As a child I adored Lego and played with it constantly, as far as my memory can be relied on. Back then - I mean the early-mid '80s - Lego firmly had a place in the child's play space. Toys were toys. Today Lego has a strange cultural position. Consider the Lego store. Here we can find toys apparently designed and marketed at all ages. It must be 'all' ages because there are simple blocks for the under 5s across the aisle from massively complicated huge kits that are surely aimed at adults. And these kits can be priced well over £100.

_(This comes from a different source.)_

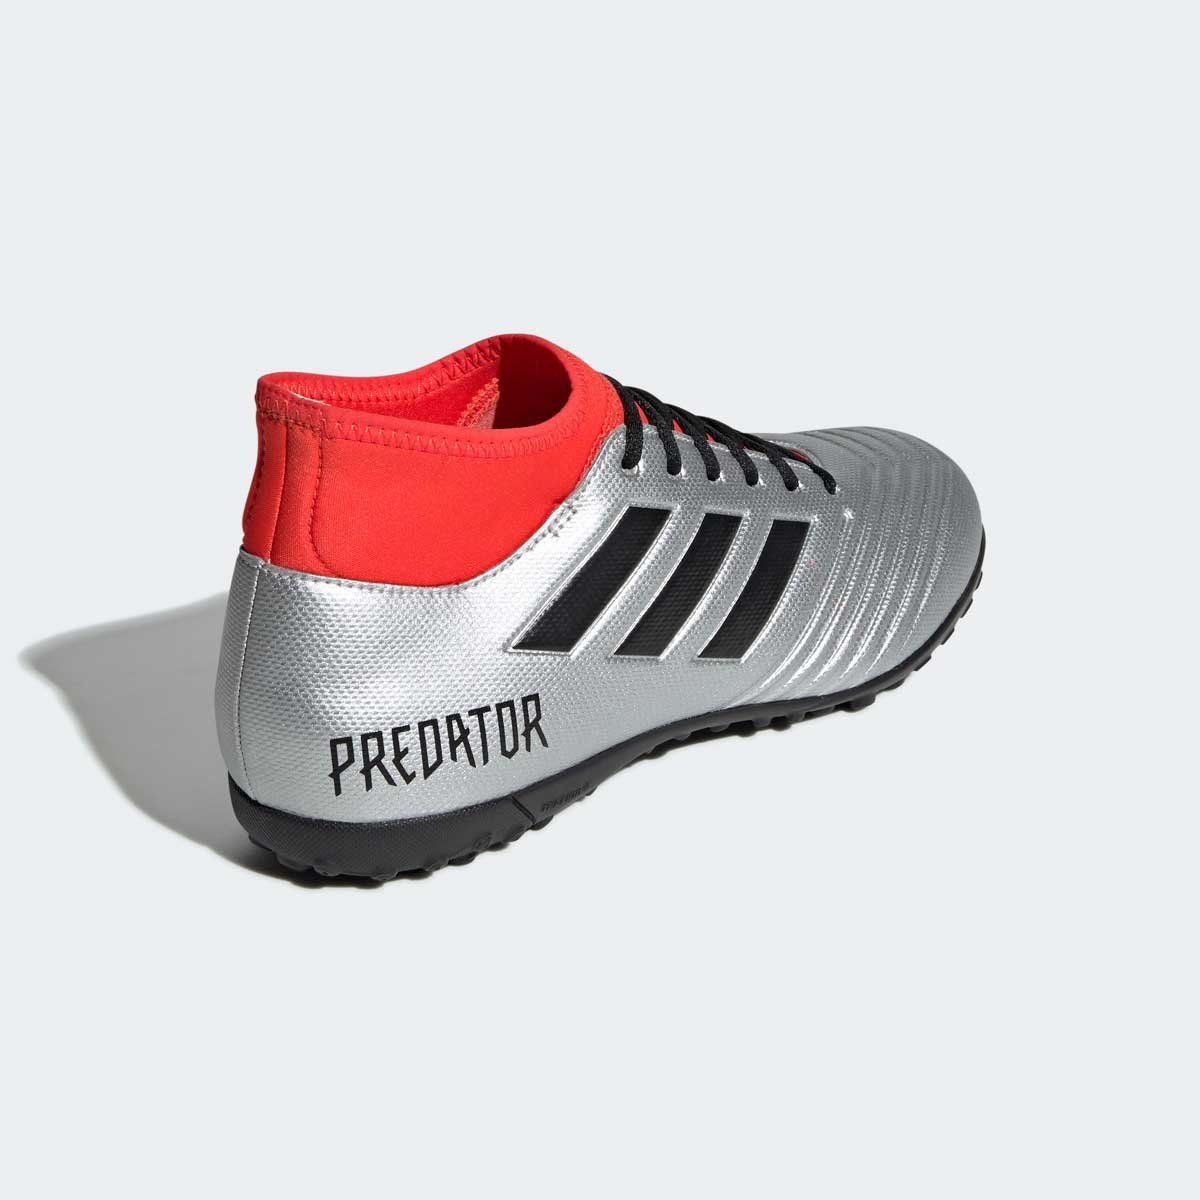 Calzado Soccer Predator 19.4 S Tf  Hirere Adidas - Caballero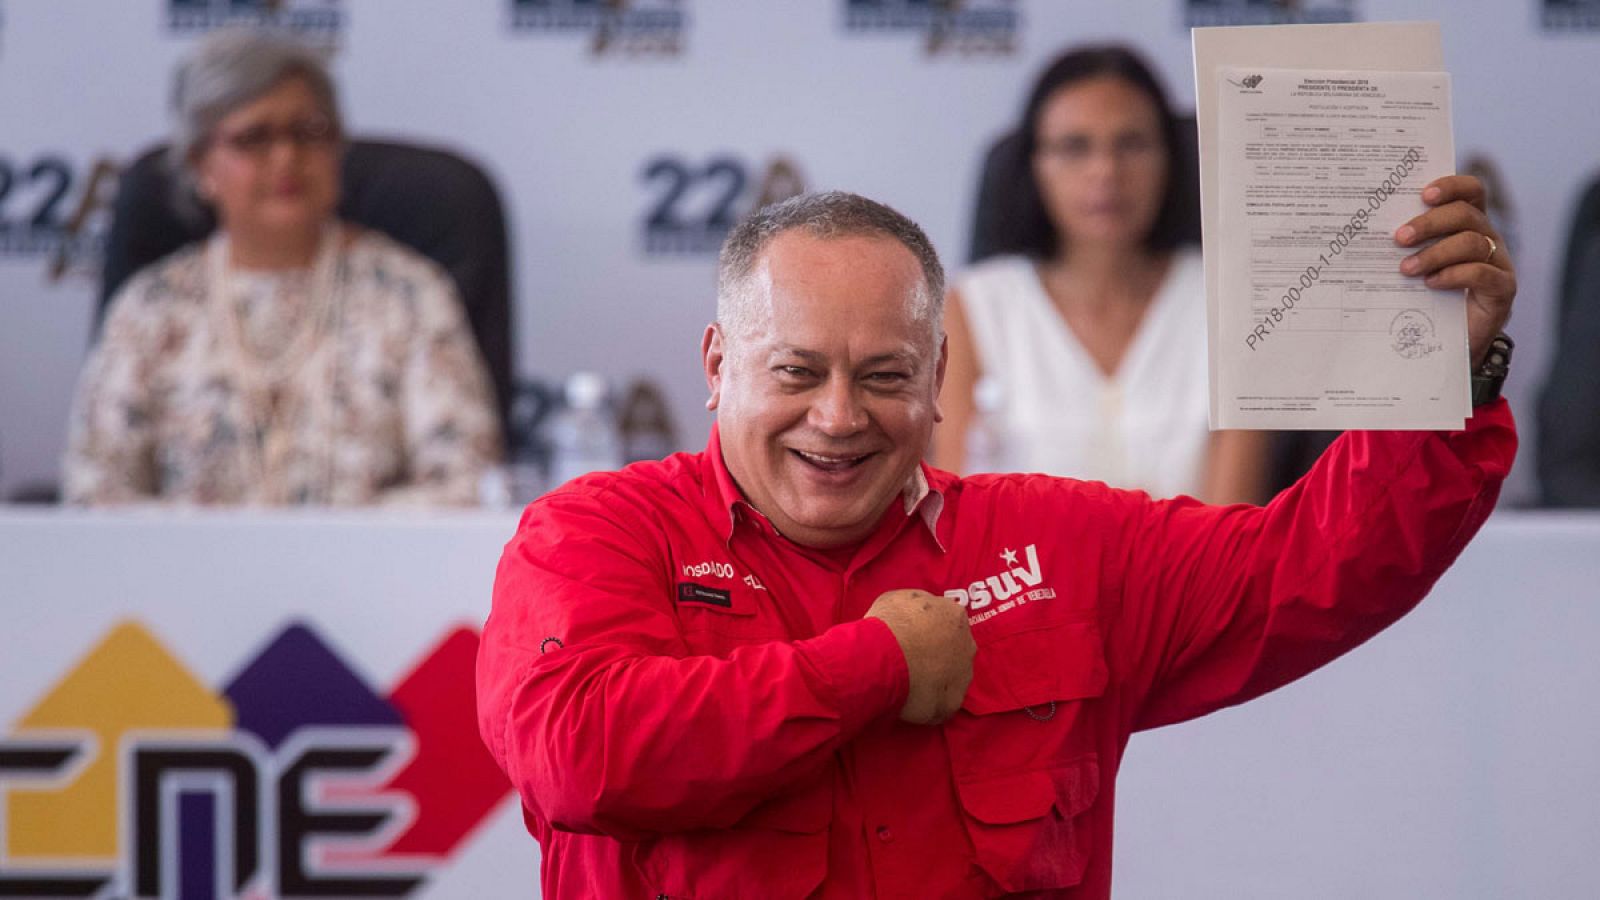 Fotografía de archivo fechada el 27 de febrero de 2018, que muestra al primer vicepresidente del Partido Socialista Unido de Venezuela (PSUV), Diosdado Cabello.

But what is the adult desire that leads to buying Lego, I wonder? Do adults buy it for themselves or is it a gift-giving economy where people mutually feed the play-desires of their friends? I honestly cannot work out what is going on here. An anecdote: a high-level academic where I'm studying recently had her 40th birthday and was bought a Lego R2D2 by colleagues - a kit that retails for something like £150.
What will she do with this? Build it, I suppose. I can kind of see the attraction myself, yet, I can't get away from the nagging feeling that about 30 minutes in I would feel a deep-seated, cold shock that I was doing something utterly silly. I mean, it's just Lego! More than this, my cherished Lego memories are not of building the kit and simply leaving it at that. The true joy of Lego is surely building - crafting - your own creations. Monsters, spacecraft, buildings, anything, springs forth from the creative maelstrom of the child's mind and feeds their play, either alone or with siblings or friends.
I cannot imagine someone giving an adult a jumbled bag of random Lego pieces. The adult Lego is all about building the kit 'properly', so presenting someone with what would amount to a child's Lego collection - all pieces heaped in an inviting, tempting pile - would be out of place. It's this disconnection that makes adult Lego such a hollow prospect for me: it is Lego as nostalgia, as a 3D jigsaw puzzle, with the real joy of Lego miserably absent.
Or perhaps I've got it all wrong and all adult Legoists are sweating over amazing creations, such as this Lego version of Rivendell. But I doubt it.
*Americans please note, the plural of Lego is Lego, not Legos.
*Americans please note, the plural of Lego is Lego, not Legos.